***** Records for processing *****
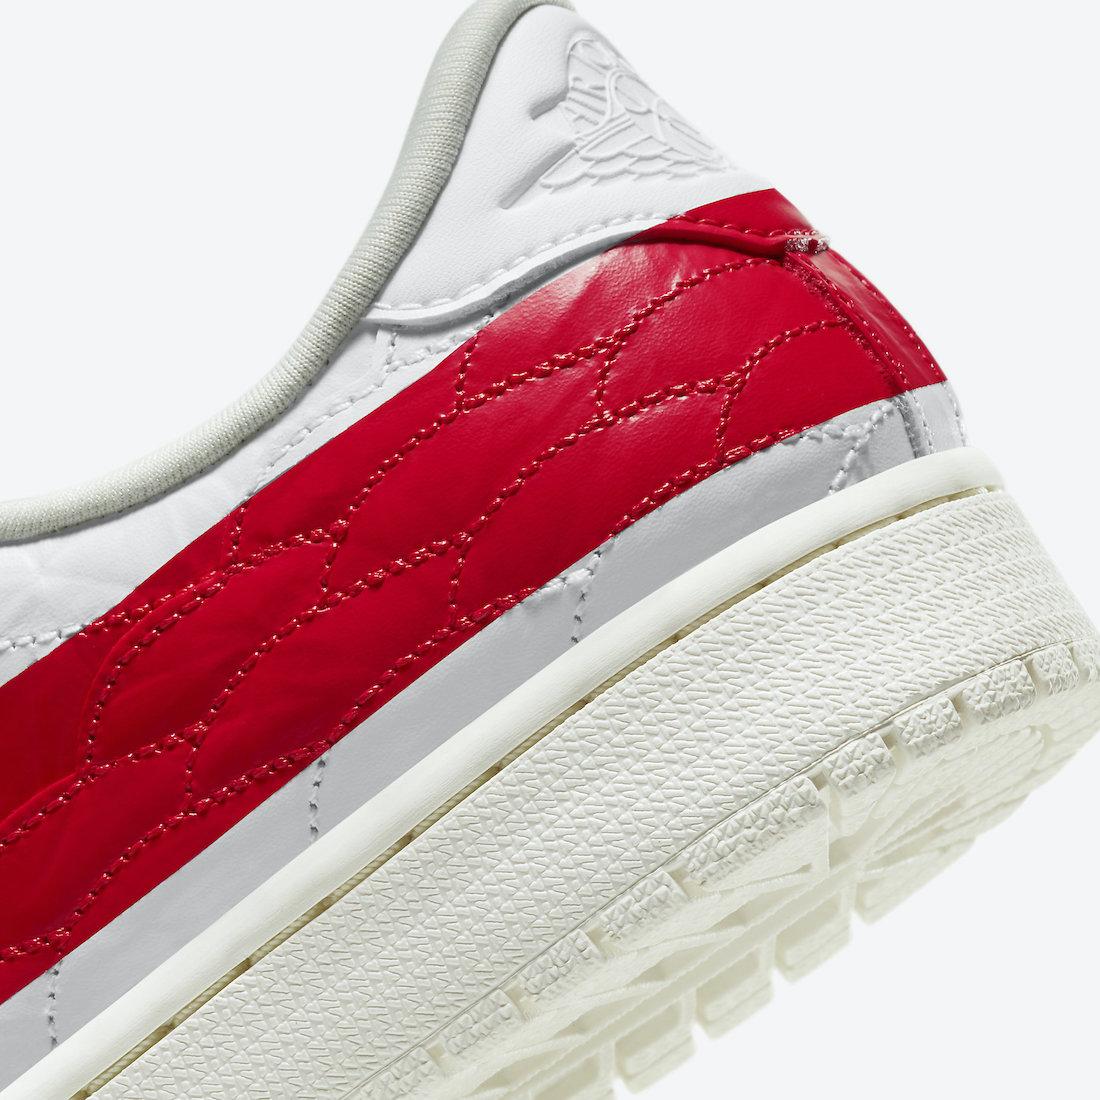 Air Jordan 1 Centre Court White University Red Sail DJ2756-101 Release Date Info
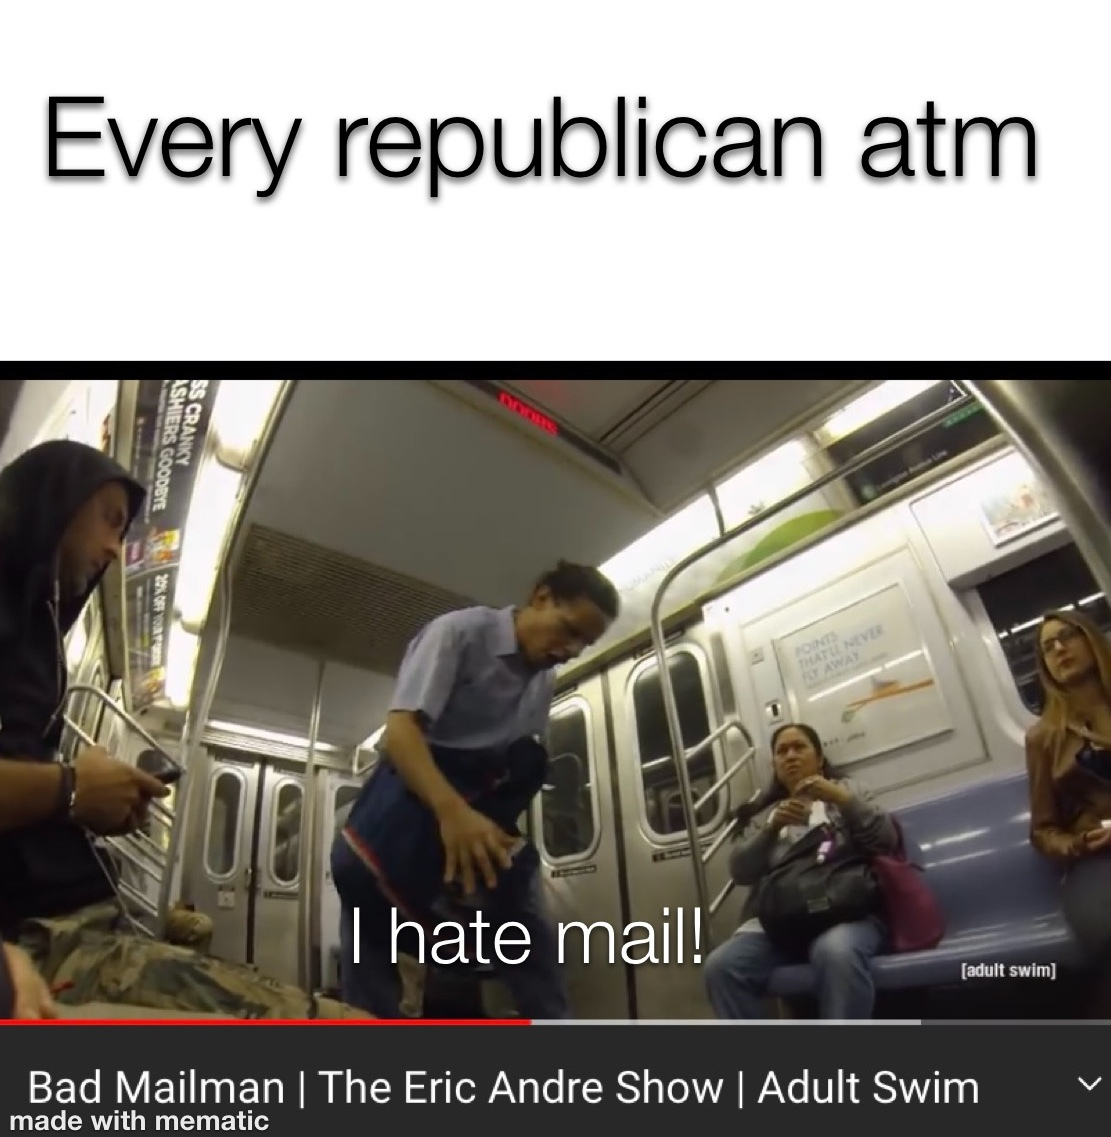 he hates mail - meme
*****
***** Records for processing *****
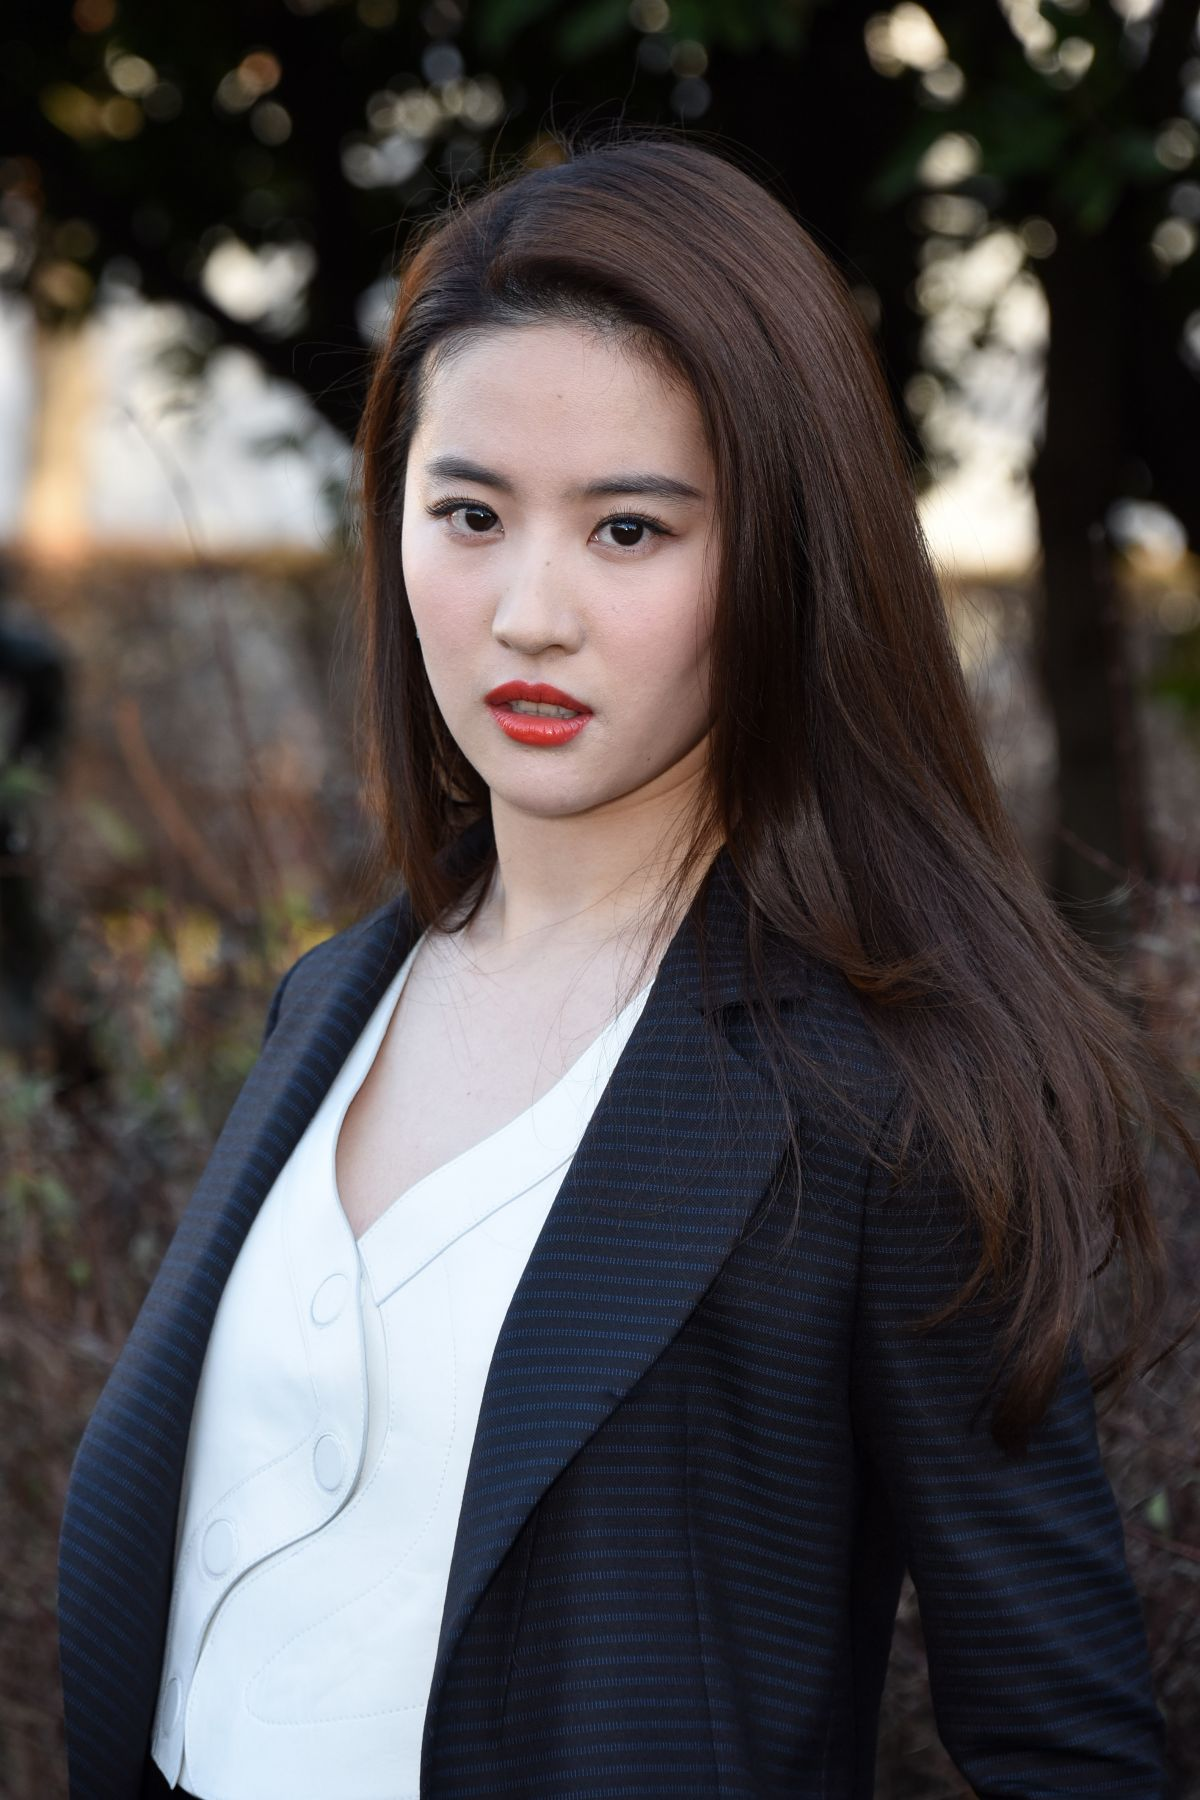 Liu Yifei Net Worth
*****
For this exercise, transcribe exactly the part of the records above that opens with the line containing "Air Jordan 1" and closes with the one containing "he hates mail - meme". Pictures are not part of the copy.

 Air Jordan 1 Centre Court White University Red Sail DJ2756-101 Release Date Info
 he hates mail - meme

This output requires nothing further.